One day, someone called out to me in the barracks – I was the Master-at-Arms for the class, and what happened in the barracks was my problem. The kid’s rack-mate called me over and I found myself staring at the kid’s feet. It was pure, deep infected blisters. With the experience I’d already built up as a Corpsman, I broke the news to him that he shouldn’t be running, that he needed to be on light duty for a while to heal up. He wouldn’t have it. He wanted to run. He wanted to get out of FMSS. He wanted to get out of FMSS that we all worried how much he wanted to get out.

I called in the Corpsman instructor after at least 10 Corpsmen in training looked at the kid’s feet. Light duty it was, for a while, but I no longer shunned the kid. I took an interest in him – the weak link in the chain of ‘3rd herd’. When he got off light duty, we ran together – his pace was hard on me, that slow pace, but it was good for me. Others took over, and slowly more and more of 3rd herd was working with the kid. We wanted him to graduate. He was one of us. Sure, he might have a past at his last command, but while he was with us he worked harder than any of us.

In the end, he failed the required run for graduation by one second. We were crestfallen – we pleaded, collectively, for him to have another chance – and that same Corporal refused.  One second. But a second is a second, and there were no second chances. He would be held back to go through FMSS a third time.

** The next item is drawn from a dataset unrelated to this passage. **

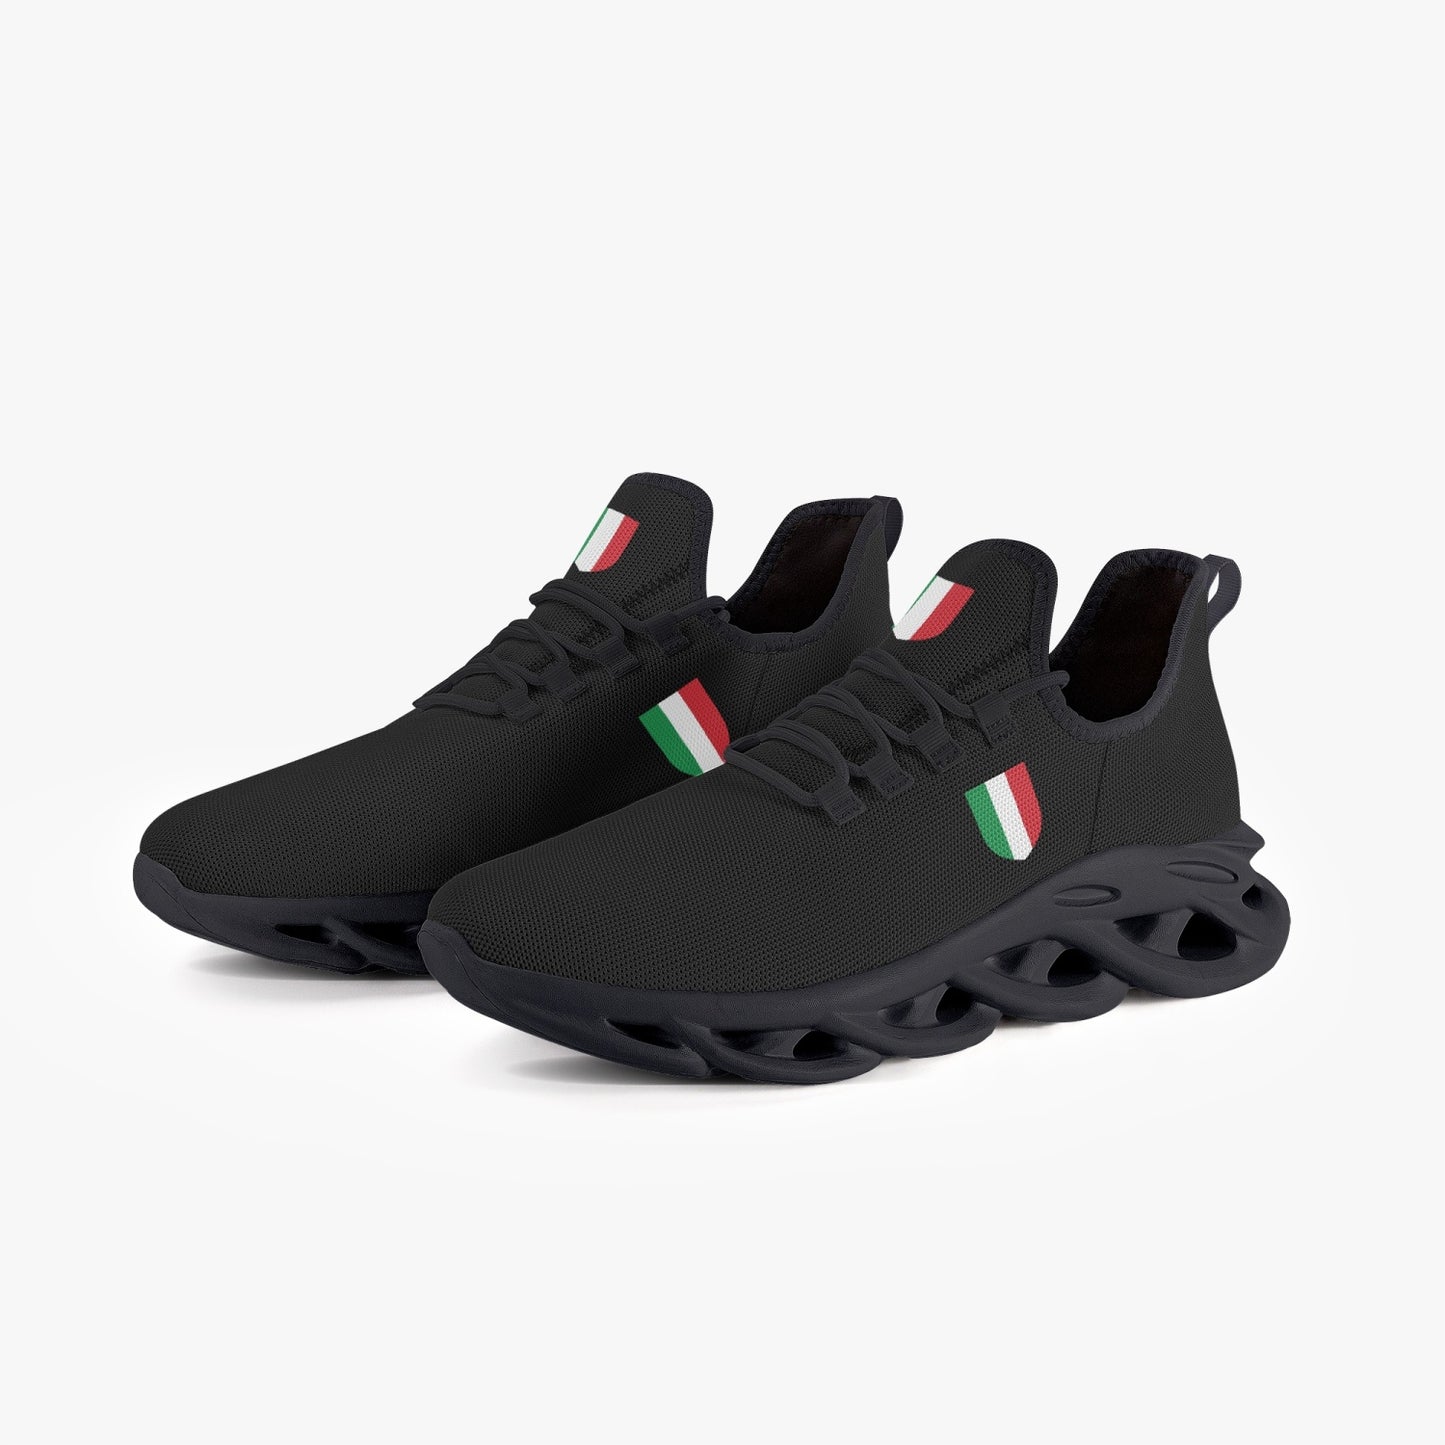 Sneakers - Italia Black - donna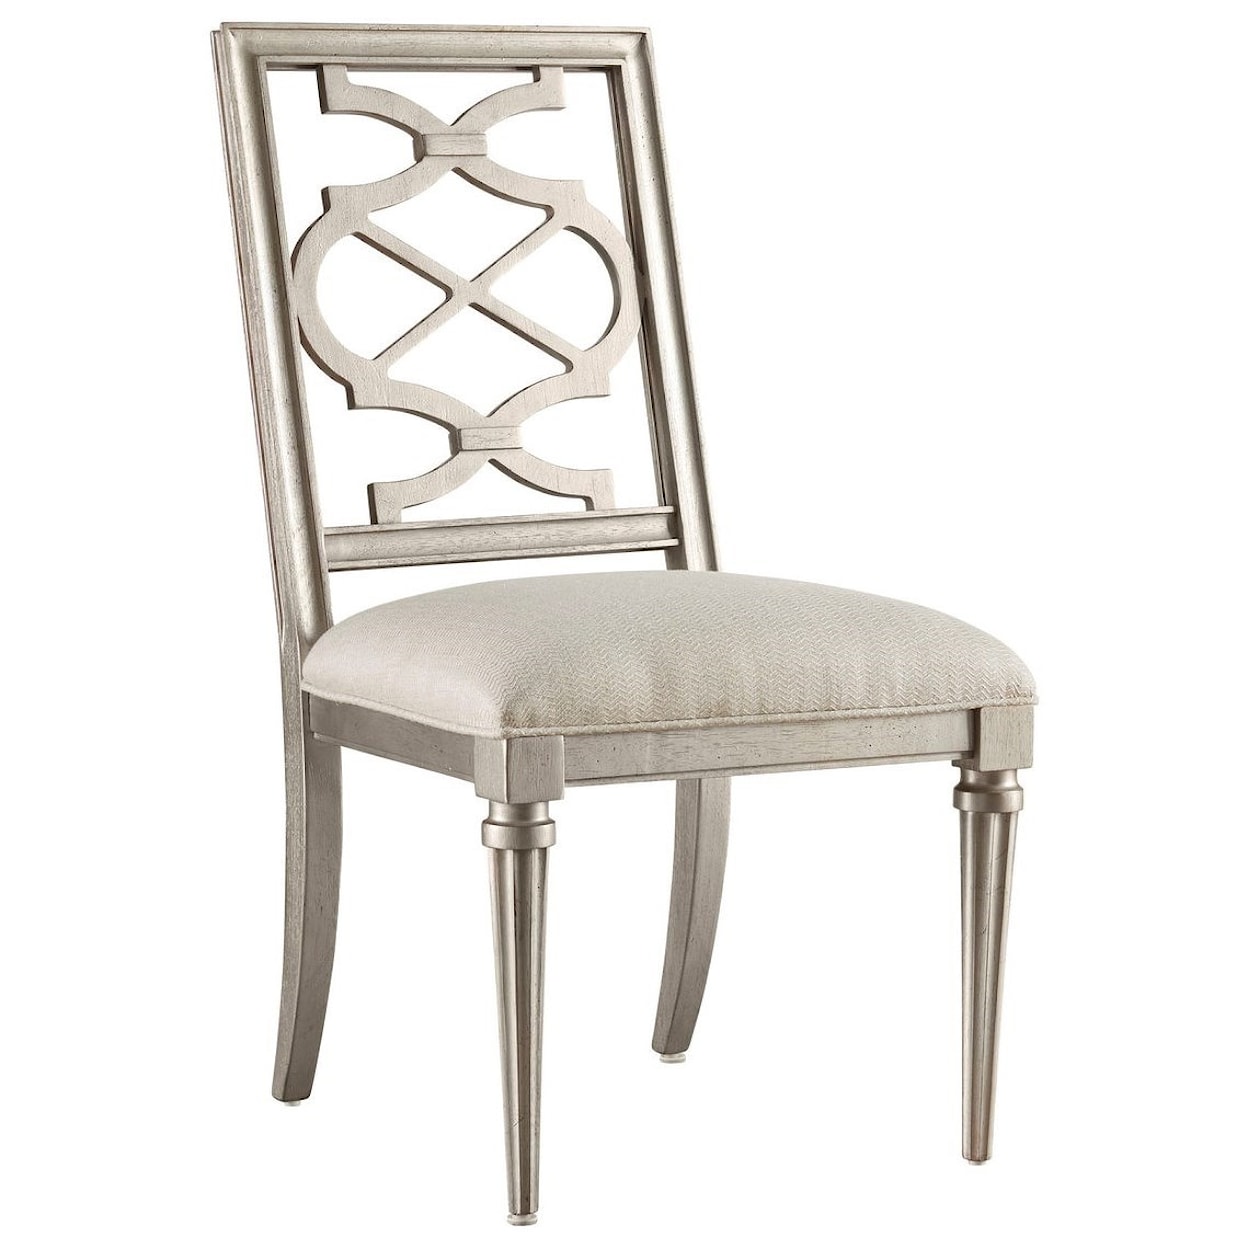 A.R.T. Furniture Inc Morrissey Blake Side Chair

There was nothing to be done. He was moved into a separate barracks even as all of us celebrated passing – salt in his wounds.

I wonder sometimes how that kid fared. I do know that the Corporal, that pudgy fellow, got his come-uppance through myself and a few others as well as the Command, but years later I realized that he was such a jerk not because he didn’t like the kid, but because he was just a jerk who had probably had to go through Parris Island as that kid.

Yet I remember that kid’s spirit – the eyes that shone through tears with a burning desire. He had decided somewhere along the line that he would not break, that he would do everything to achieve what he had to. But even then, he was put into a position where he was forced to.

And this woman shuffling every morning? She wasn’t being forced. Purely voluntary, much like me going and working on my land every morning while others are comfortably in bed. While people younger than us with similar complaints, more overweight than us, read books, try diets, watch instructional videos and buy gym memberships that they never use (a boon for gyms everywhere) but but don’t actually do anything.

We all have this idea of who we are but very few of us meet who we really are, where we push our grit to the limits – where we fail every day at something just so we fail less every day. Where we command our lives while others do not, who plot our courses one foot over another while others stare at the ground worried about their footprints.

That woman is deserving of more respect than most people I know. She has decided to do something, she is doing something and over the months she has continued doing something. Silent running, her grit driving her forward to whatever lays beyond.